Matías Beer
- Born: 16 December 1993 (age 32)
- Height: 1.95 m (6 ft 5 in)
- Weight: 102 kg (16 st 1 lb; 225 lb)

Rugby union career
- Position(s): Lock, Flanker

International career
- Years: Team / Apps / (Points)
- 2014-: Uruguay / 50 / (43)
- Correct as of 1 March 2016

= Matías Beer =

Uruguay international rugby union player

Matías Beer Vuco (born 16 December 1993) is a decorated Uruguayan rugby union player.

He was named in Uruguay's squad for the 2013 Junior Rugby World Cup hosted in Temuco, Chile and immediately afterwards drafted for the Uruguayan Senior National Squad after an outstanding performance.

He was named in Uruguay's squad for the 2015 Rugby World Cup and became the youngest player on the first team to play all 4 venues. He was one of the most distinguished Uruguayan players throughout the tournament catching the eye of the entire audience for his sacrifice and fierce despite his physical complexion. He retired from the National Squad in 2016 because of concussion injuries suffered during his career but continued to play in his club for an additional year.

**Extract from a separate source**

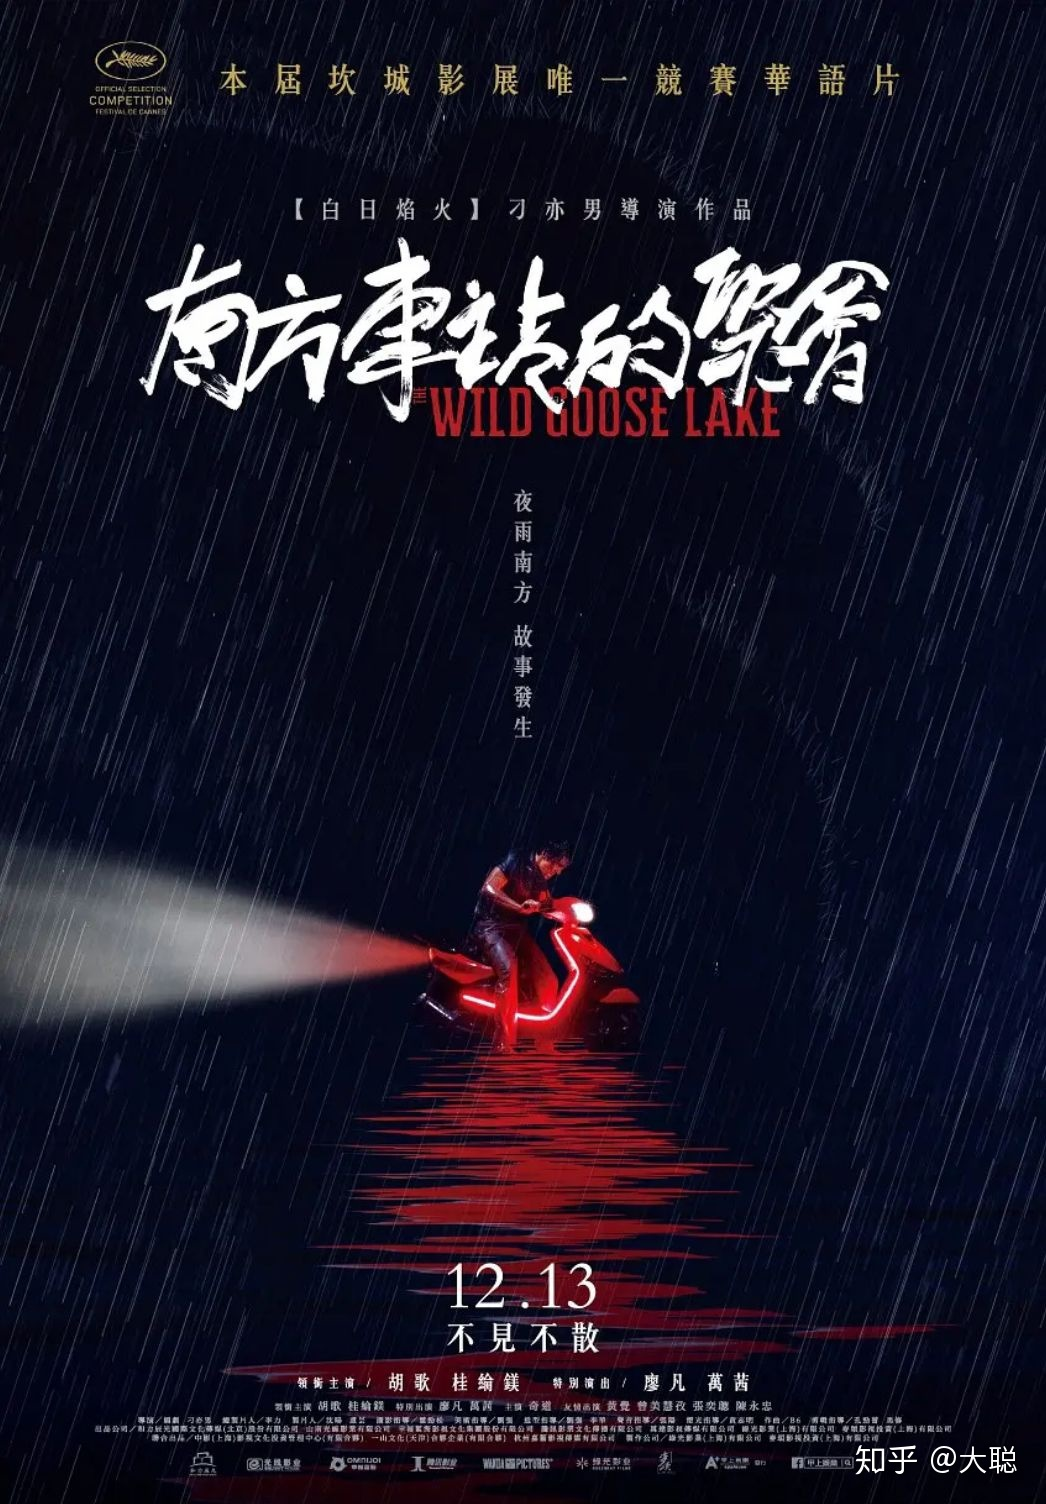 2019年华语电影排行_十一观影不用愁 这几部电影让你国庆嗨不停

After only playing for a year with his club and getting to win the National Championship in 2016 as member of the first squad and referrer he was forced to retire for medical reasons because of additional severe concussion episodes. He stayed close to his club during the following years as assistant coach getting to win the National Championship in 2017 and 2019.